Hepatitis C virus (HCV) treatment will change dramatically with the FDA's recent approval of two new oral HCV protease inhibitors, boceprevir and telaprevir. When used in combination with current standard therapy (peginterferon and ribavirin [PR]), these new drugs substantially improve cure rates and often reduce the overall duration of therapy. Although data are still emerging, these new drugs are likely to benefit HIV-coinfected patients as well.
Boceprevir
Boceprevir (Victrelis) was approved by the FDA on May 13, 2011, for the treatment of chronic HCV genotype 1 infection both in patients who are treatment-naive and in those with prior treatment failure.1 The approval was based on two large, manufacturer-sponsored, phase III, randomized, controlled trials.
CLINICAL TRIALS
Treatment-Naive Patients
In the SPRINT-2 trial,2 1097 treatment-naive patients with HCV genotype 1 infection (159 blacks; 938 nonblacks) underwent a 4-week lead-in period of PR and then received one of the following:
•Boceprevir plus PR (B+PR) for 24 weeks, with an additional 20-week course of PR alone if HCV RNA was detected between weeks 8 and 24 (the response-guided therapy [RGT] group)

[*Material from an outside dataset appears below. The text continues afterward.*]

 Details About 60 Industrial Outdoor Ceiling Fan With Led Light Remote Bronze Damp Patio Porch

•B+PR for 44 weeks (the fixed-duration group)
•PR plus placebo for 44 weeks (the control group)
In all three treatment arms, PR consisted of peginterferon α-2b and ribavirin.

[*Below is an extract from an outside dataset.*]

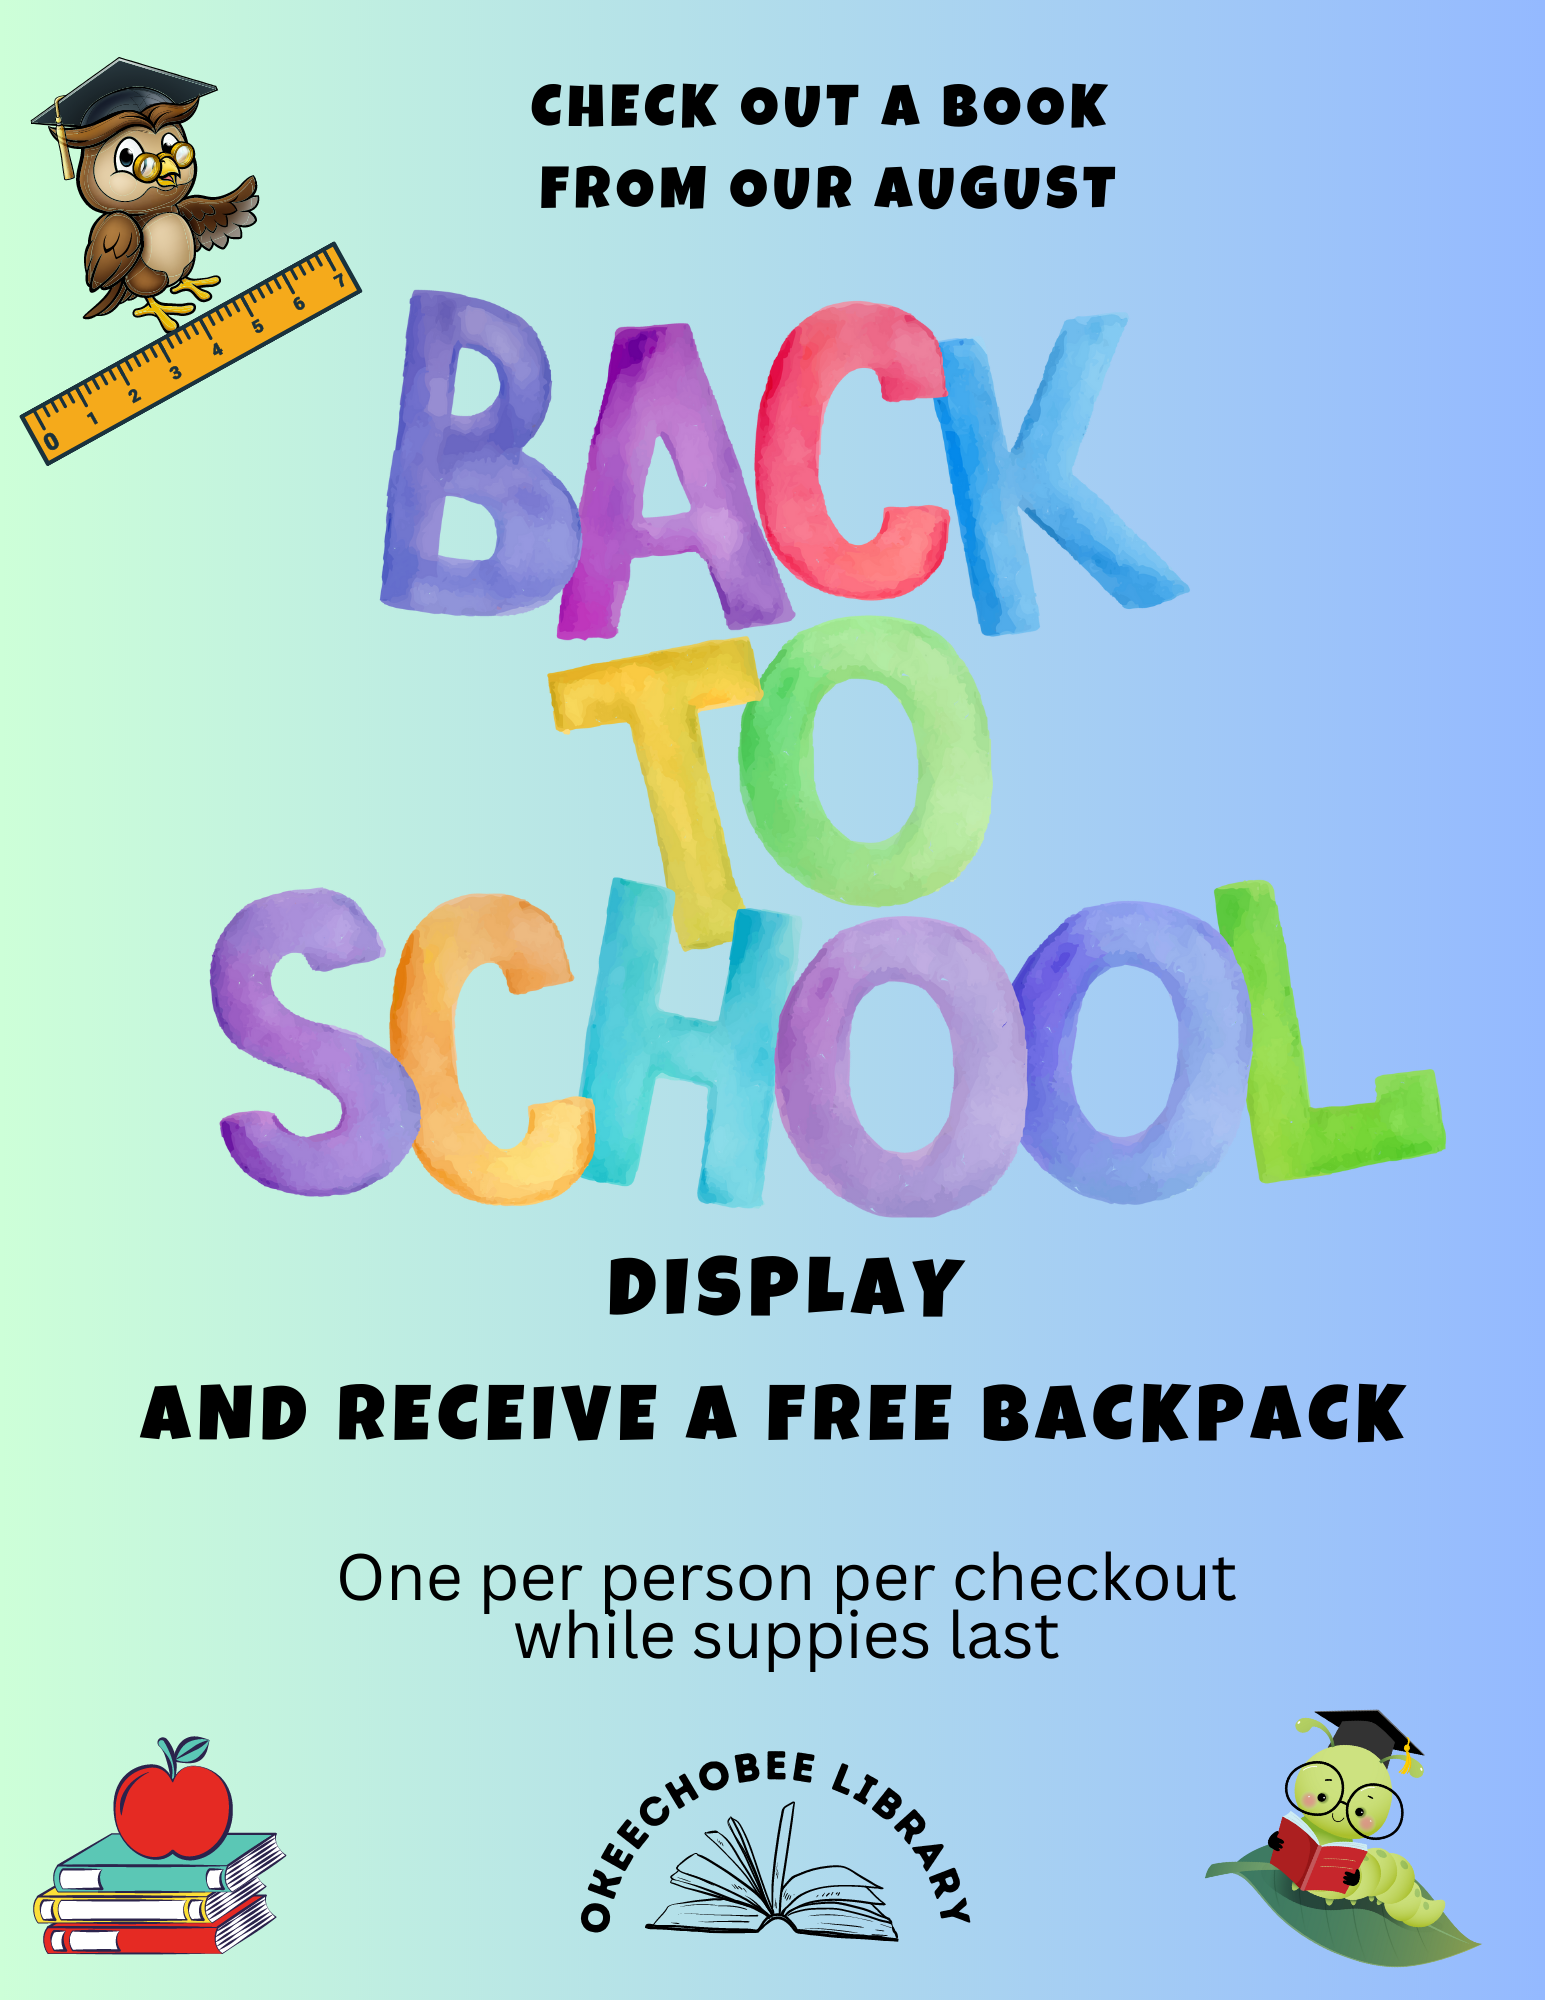 Check out a book from our August Back to School display and receive a free backpack. While supplies last.

Among nonblacks, sustained virologic response (SVR) rates were significantly higher in the boceprevir groups (67%–68%) than in the control group (40%). Blacks had lower SVR rates in all three groups, but B+PR still outperformed PR in this population; SVR rates were 42% in the RGT group, 53% in the fixed-duration group, and 23% among controls. Overall, 44% of patients in the RGT group had undetectable HCV RNA from week 8 to week 24 and therefore received shorter-duration therapy (28 weeks total).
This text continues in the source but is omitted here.